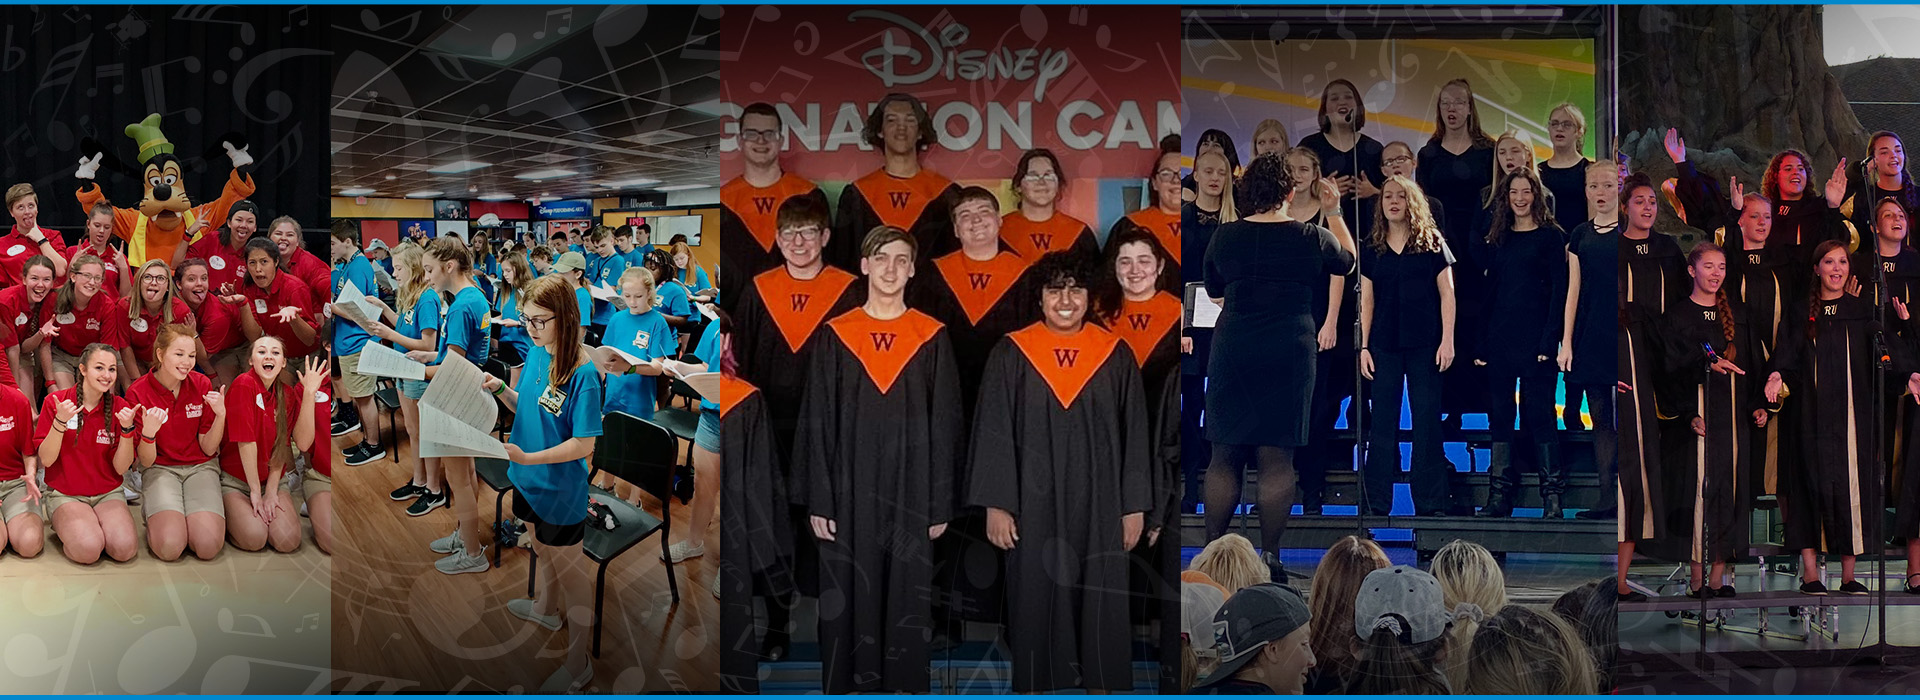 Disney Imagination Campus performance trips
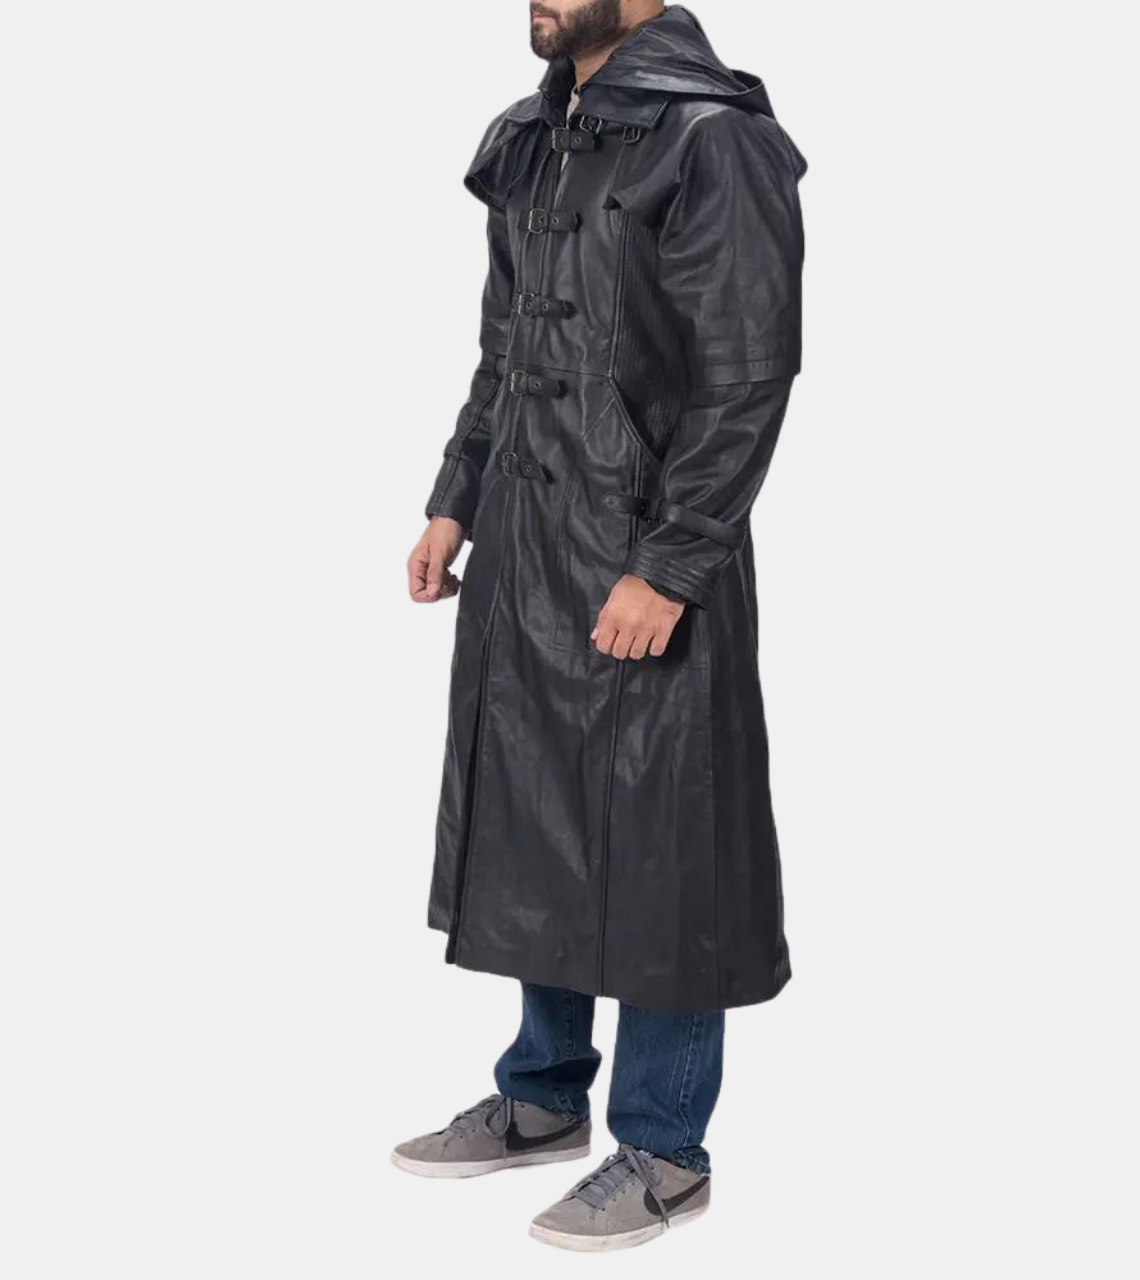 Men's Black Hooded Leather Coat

* * *

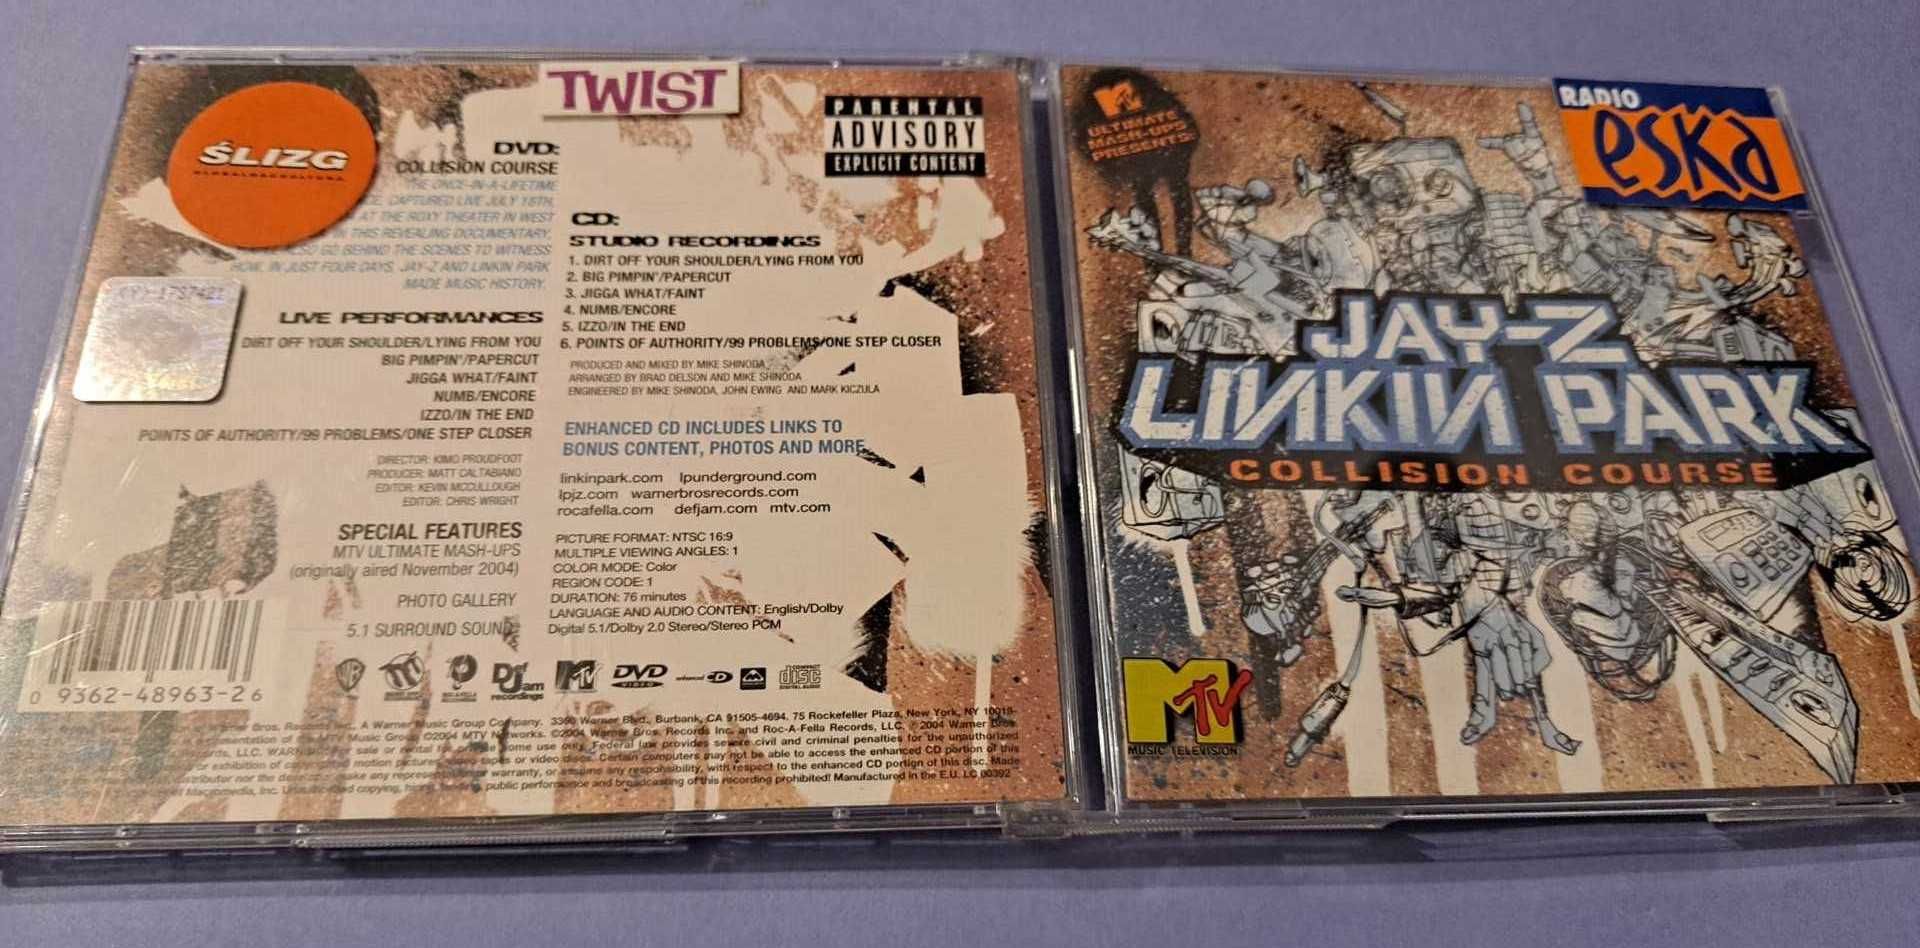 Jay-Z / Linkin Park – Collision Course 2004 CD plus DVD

» **Task to complete**
For this task, return exactly the stretch of the listing above from the line with "Disney Imagination Campus performance trips" through the line with "Men's Black Hooded Leather Coat", inclusive and without pictures.

» **Reply to the exercise**
 Disney Imagination Campus performance trips
 Men's Black Hooded Leather Coat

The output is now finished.